Florida Governor Ron DeSantis vetoed a $750,000 item in the state’s Agency for Health Care Administration’s budget aimed at procuring an independent study to evaluate the utility of collected health care data. The study was set to include a review of costs incurred over the last three state fiscal years and current development efforts. Additionally, DeSantis vetoed a $1 million item from the agency’s budget intended for an assessment of payment transactions in the Medicaid program for medical benefit and administrative costs as part of the Achieved Savings Rebate (ASR) Program.

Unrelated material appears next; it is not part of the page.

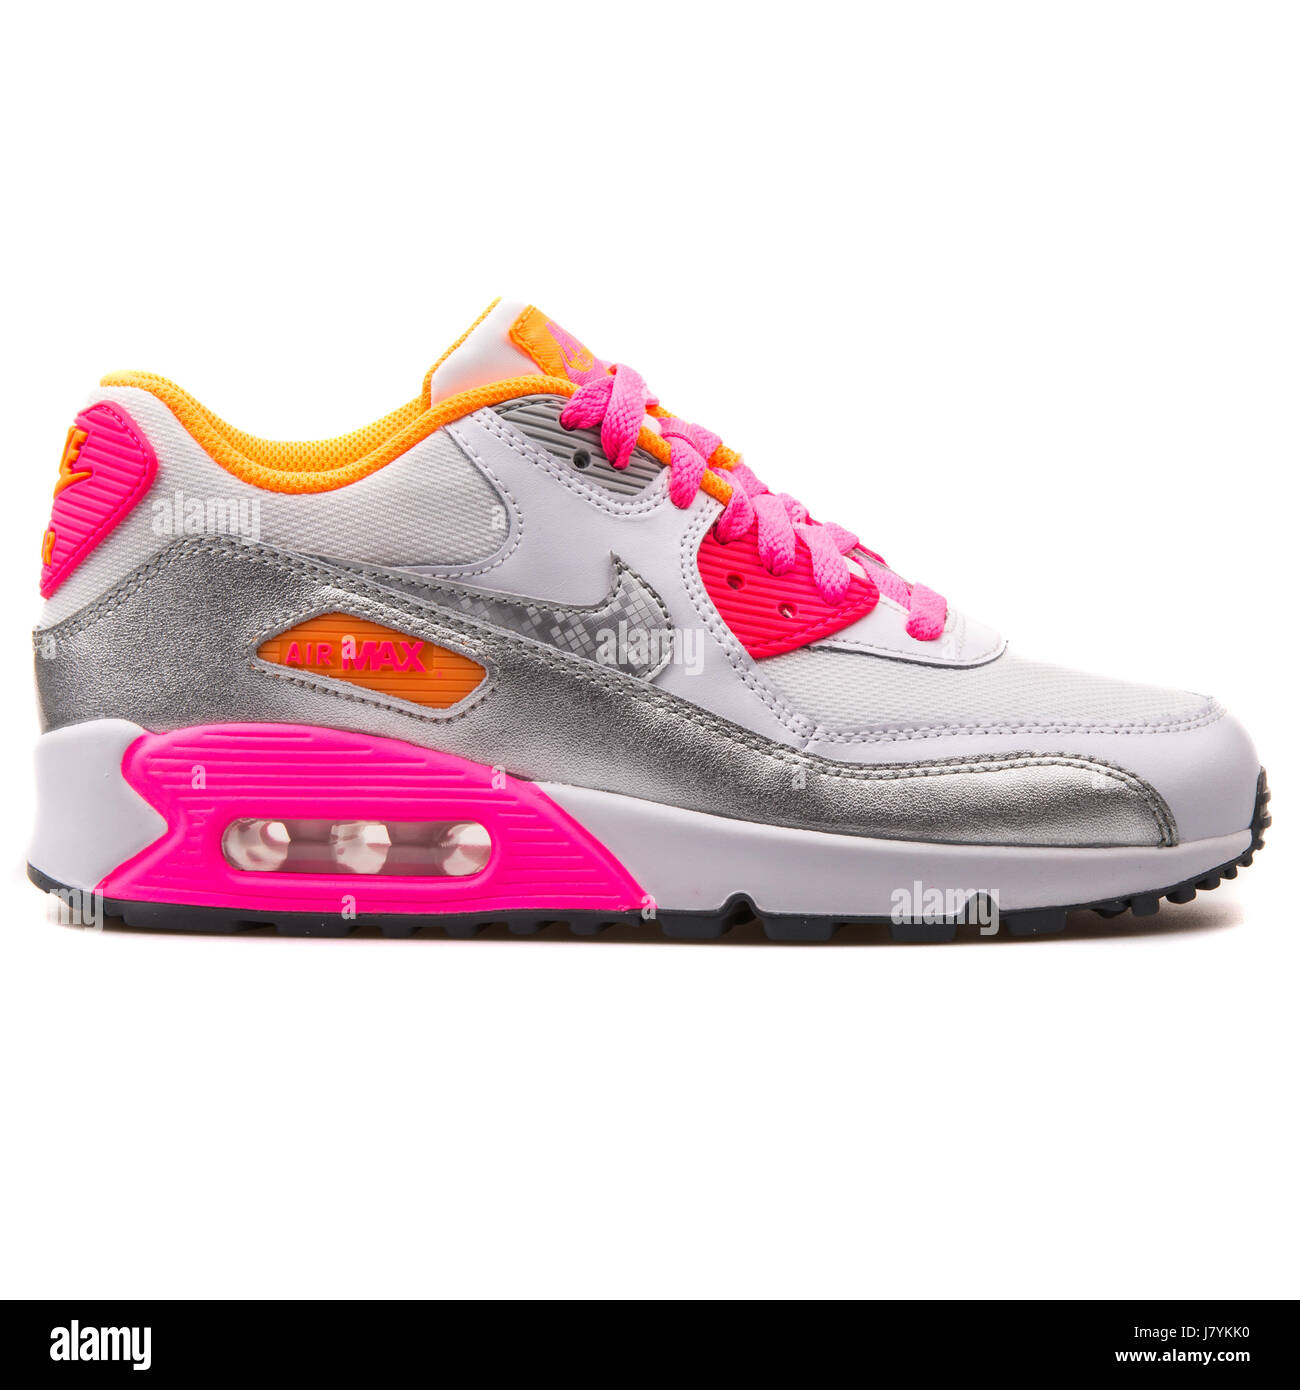 Nike Air Max 90 Malla (GS) Juventud blanco, plata y rosa ejecutando  Sneakers - 724855-101 Fotografía de stock - Alamy

Florida Health Care Investment: Price Transparency and Vetoed Studies

Florida has dedicated significant funds to bolster health care price transparency. Yet, Gov. Ron DeSantis vetoed a $750,000 provision in the state Agency for Health Care Administration’s budget, intended for an independent study of the data collected.

The Legislature required this study to encompass all costs associated with these tools over the past three state fiscal years. It also needed to assess ongoing development and redesign efforts, including contract compliance.

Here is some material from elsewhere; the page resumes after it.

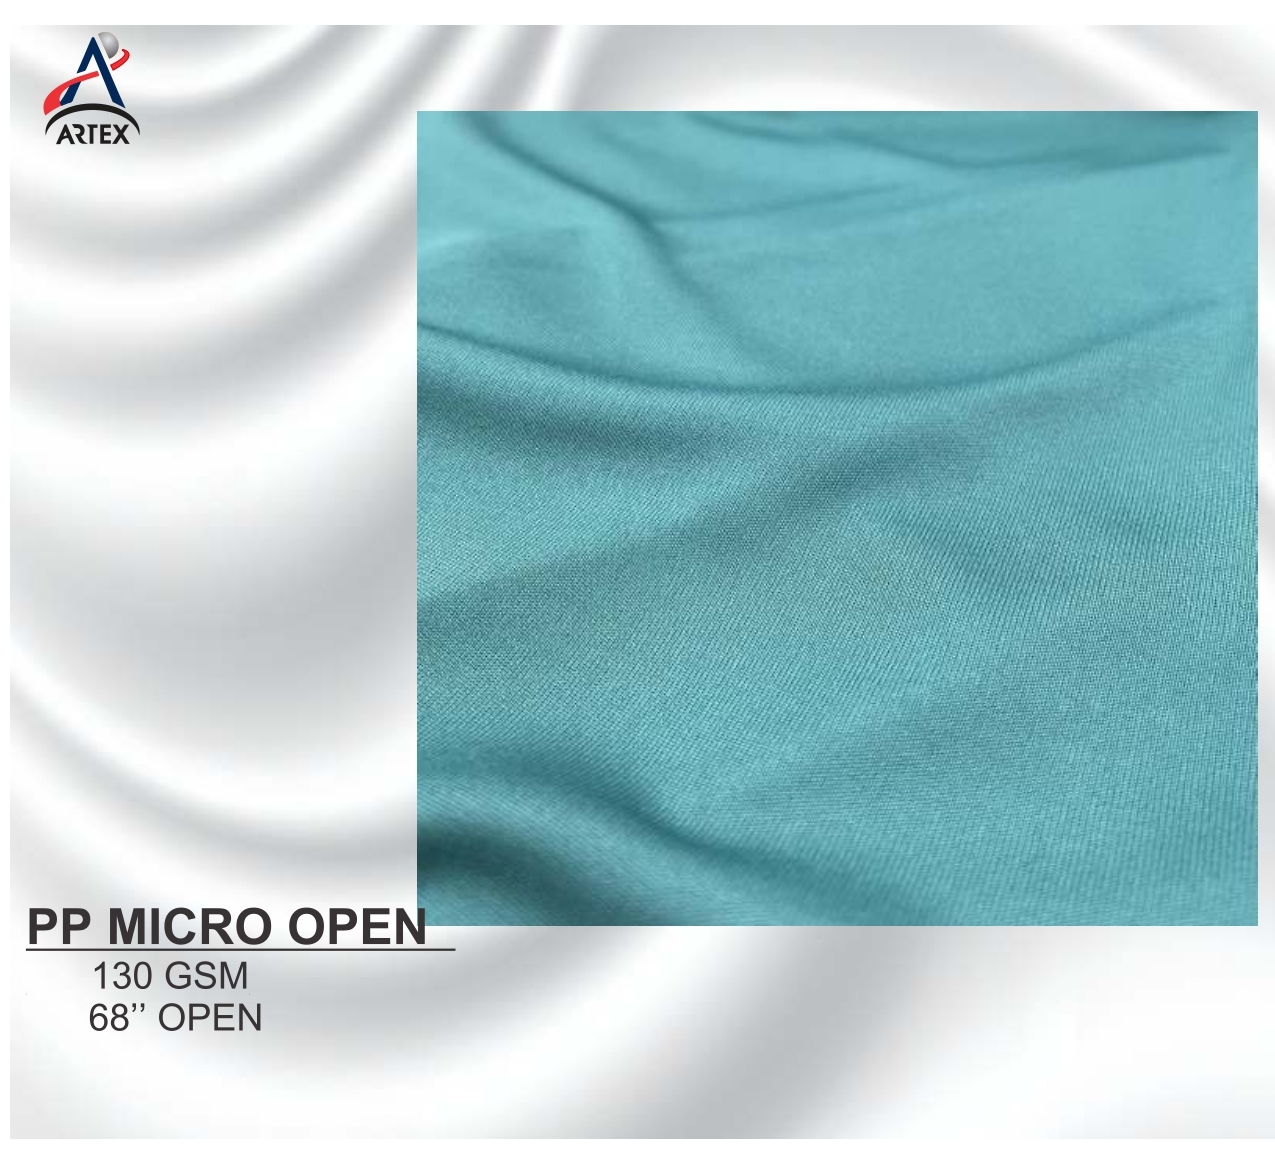 Pp micro open

A range of requirements was stipulated for the study, which was to evaluate the state’s claims database and its relation to the health insurance market. The study was meant to analyze how the collected data influences health care decision-making for consumers, the public sector, employers, and researchers.

The Agency for Health Care Administration (AHCA) was instructed to submit the study to key Senate and House committees, as well as the Governor’s Office of Policy and Budget by the end of the year.

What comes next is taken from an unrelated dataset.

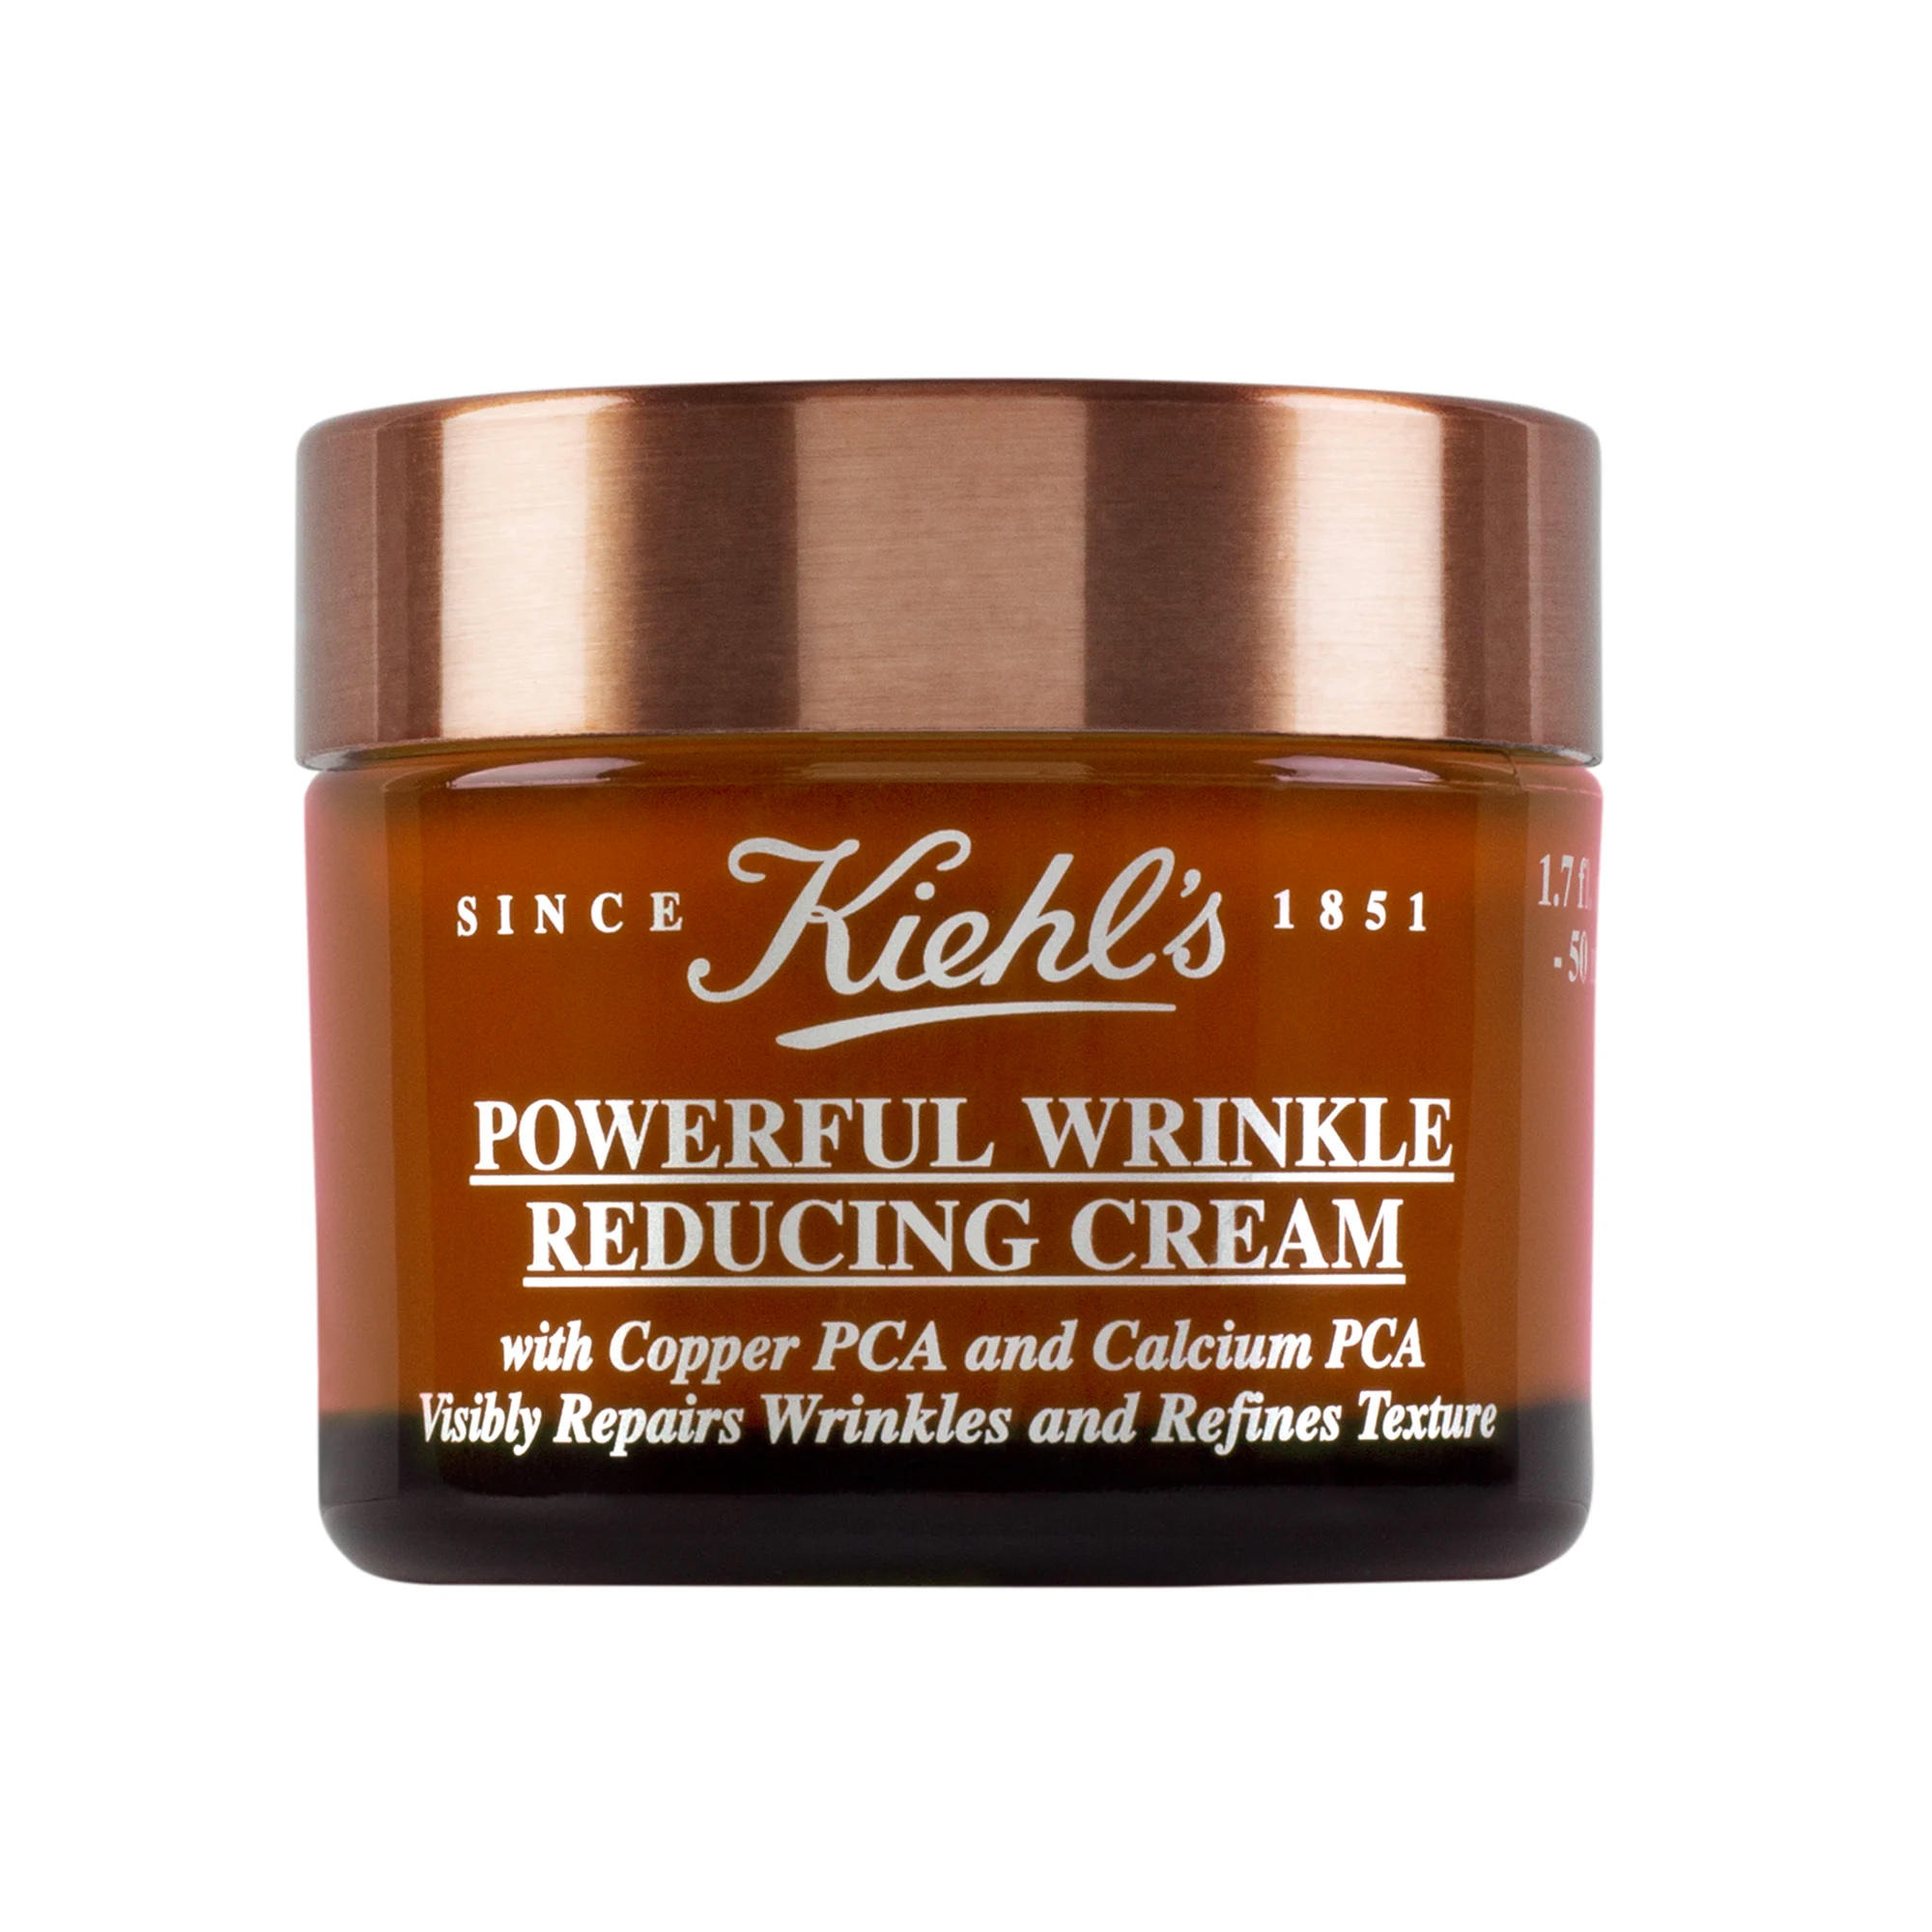 Kiehl's Powerful Wrinkle Reducing Cream Mini

Gov. DeSantis also vetoed an additional $1 million from the AHCA’s budget intended for an assessment of payment transactions in the Medicaid program. This was related to the Achieved Savings Rebate (ASR) Program’s medical benefit and administrative costs for 2020, 2021, and 2022.

The ASR program, part of the statewide Medicaid managed care program, is designed to prevent these care plans from earning excessive profits. It establishes pre-tax income as a percentage of revenues. Under Florida law, the plan retains all profits up to 5% of revenue. Profits above 5% and up to 10% of revenue are shared equally between the plan and the state, while all profit above 10% is refunded to the state.

Plans can retain an extra 1% of revenue if they meet or exceed quality measures defined by the AHCA. These include plan performance for managing complex, chronic conditions associated with high-cost medical treatments.

The vetoed budget provision would have necessitated the study to include a comparison of payments to Medicaid managed care plans within the medical loss ratio, relative to the standard health care procedure code level for other Medicaid providers.